[PYTHON] I tried to predict the presence or absence of snow by machine learning.

What I wanted to do

As a machine learning beginner, I wanted to use Python's machine learning library scikit-learn to study machine learning. I was wondering what to predict for a while, but I started thinking that it would be interesting to predict whether or not snow is piled up on the ground given specific conditions.

By the way, this is my first time writing a Python app. I was wondering if I could do something with the familiar Ruby, but Python seems to be strong in this field, and I started with Python because I am a lazy person who does not want to stumble and struggle.

Collect data for learning

Well, first of all, prepare the actual snow cover data to train the machine learning engine.

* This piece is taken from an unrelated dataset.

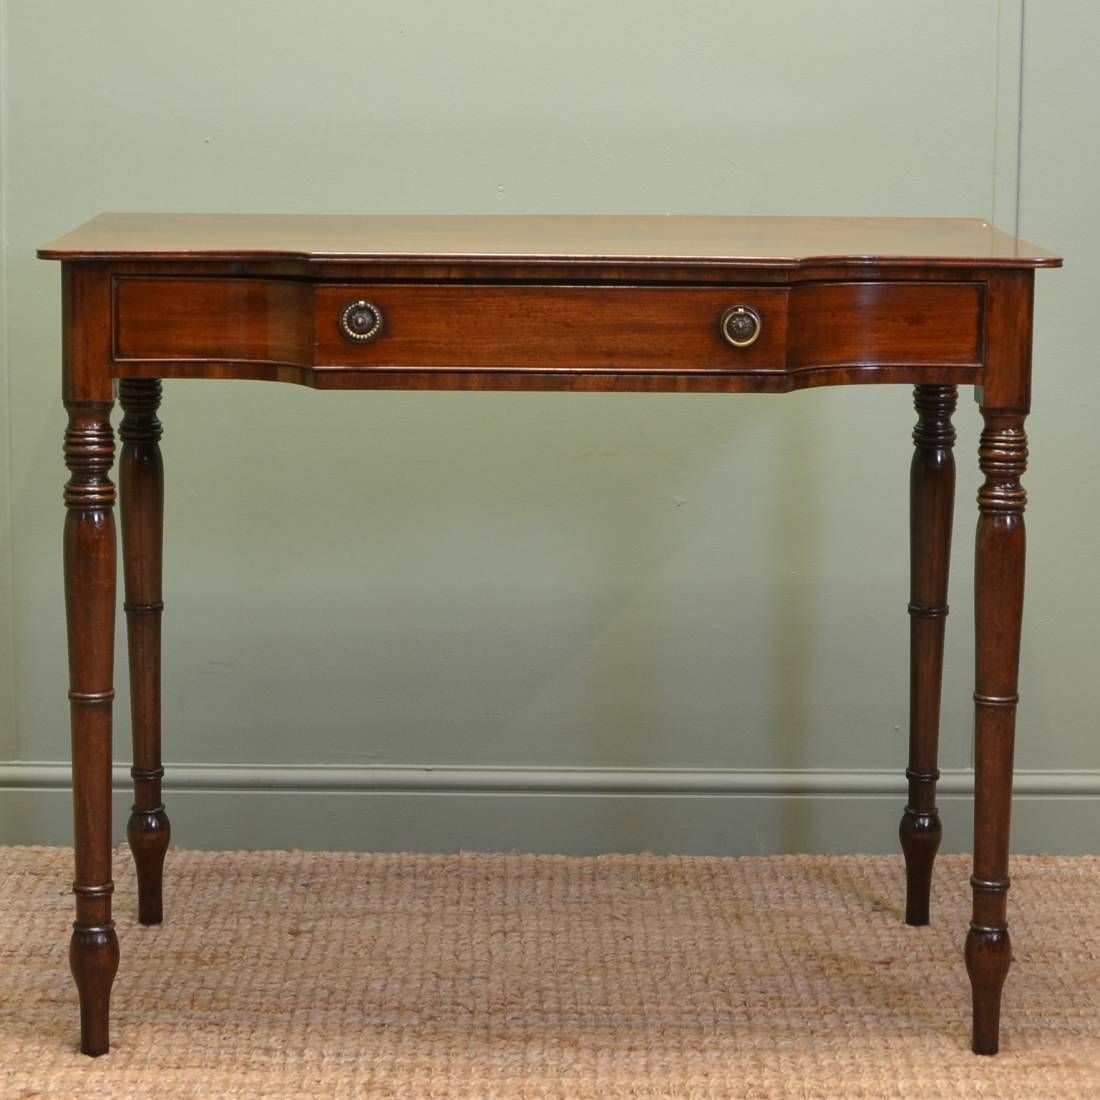 Sensational Regency Mahogany Antique Console / Side Table With Regard To Antique Brass Round Console Tables (View 18 of 20)

Here, the actual observation data is dropped from the Meteorological Data Download Site of the Japan Meteorological Agency. This time, we used the meteorological data of Tonami City, Toyama Prefecture, which has a lot of snow, as learning data.

`data_2013_2015.csv`


Download time: 2016/03/20 20:31:19

,Tonami,Tonami,Tonami,Tonami,Tonami,Tonami,Tonami,Tonami,Tonami,Tonami,Tonami,Tonami,Tonami,Tonami
Date and time,temperature(℃),temperature(℃),temperature(℃),Snow cover(cm),Snow cover(cm),Snow cover(cm),wind speed(m/s),wind speed(m/s),wind speed(m/s),wind speed(m/s),wind speed(m/s),Precipitation(mm),Precipitation(mm),Precipitation(mm)
,,,,,,,,,Wind direction,Wind direction,,,,
,,quality information,Homogeneous number,,quality information,Homogeneous number,,quality information,,quality information,Homogeneous number,,quality information,Homogeneous number
2013/2/1 1:00:00,-3.3,8,1,3,8,1,0.4,8,West,8,1,0.0,8,1
2013/2/1 2:00:00,-3.7,8,1,3,8,1,0.3,8,North,8,1,0.0,8,1
2013/2/1 3:00:00,-4.0,8,1,3,8,1,0.2,8,Quiet,8,1,0.0,8,1
2013/2/1 4:00:00,-4.8,8,1,3,8,1,0.9,8,South-southeast,8,1,0.0,8,1
...

The data looks like this. On the above website of the Japan Meteorological Agency, you can select the necessary items, but I selected temperature, snow cover, wind speed, wind direction, and precipitation. However, I didn't use the wind speed and direction ...

Also, since the amount of data that can be dropped at one time is limited on the Japan Meteorological Agency site, the data for February and March from 2004 to 2015 was dropped in four parts.

this

iconv -f Shift-JIS -t UTF-8 sample_data_sjis/data_2004_2006.csv >> sample_data/data.csv

I converted from SJIS to UTF-8 in this way, and deleted unnecessary lines in one file [here](https://github.com/hiroeorz/snow-forecast/blob/master/ sample_data / data.csv).

From execution of learning to prediction

After that, we will train using scikit-learn and make predictions using the trained model. The script is as follows.

By the way, the apps that include the following Python scripts and learning data are listed on hiroeorz / snow-forecast on github.

`snow_forecaster.py`


import csv
from sklearn.svm import LinearSVC
from sklearn.ensemble import AdaBoostClassifier,ExtraTreesClassifier,GradientBoostingClassifier,RandomForestClassifier
from sklearn.decomposition import TruncatedSVD
from sklearn import datasets
from sklearn.cross_validation import cross_val_score

class SnowForecast:

    CLF_NAMES = ["LinearSVC","AdaBoostClassifier","ExtraTreesClassifier" ,
                 "GradientBoostingClassifier","RandomForestClassifier"]

    def __init__(self):
        u"""Initialize each instance variable"""
        self.clf = None
        self.data = {"target" : [], "data" : []}
        self.weather_data = None
        self.days_data = {}
        self.days_snow = {}

    def load_csv(self):
        u"""Read a CSV file for learning"""
        with open("sample_data/data.csv", "r") as f:
            reader = csv.reader(f)
            accumulation_yesterday = 0
            temp_yeaterday = 0
            date_yesterday = ""
            
            for row in reader:
                if row[4] == "":
                    continue

                daytime = row[0]
                date = daytime.split(" ")[0]
                temp = int(float(row[1]))
                accumulation = int(row[4])
                wind_speed = float(row[7])
                precipitation = float(row[12])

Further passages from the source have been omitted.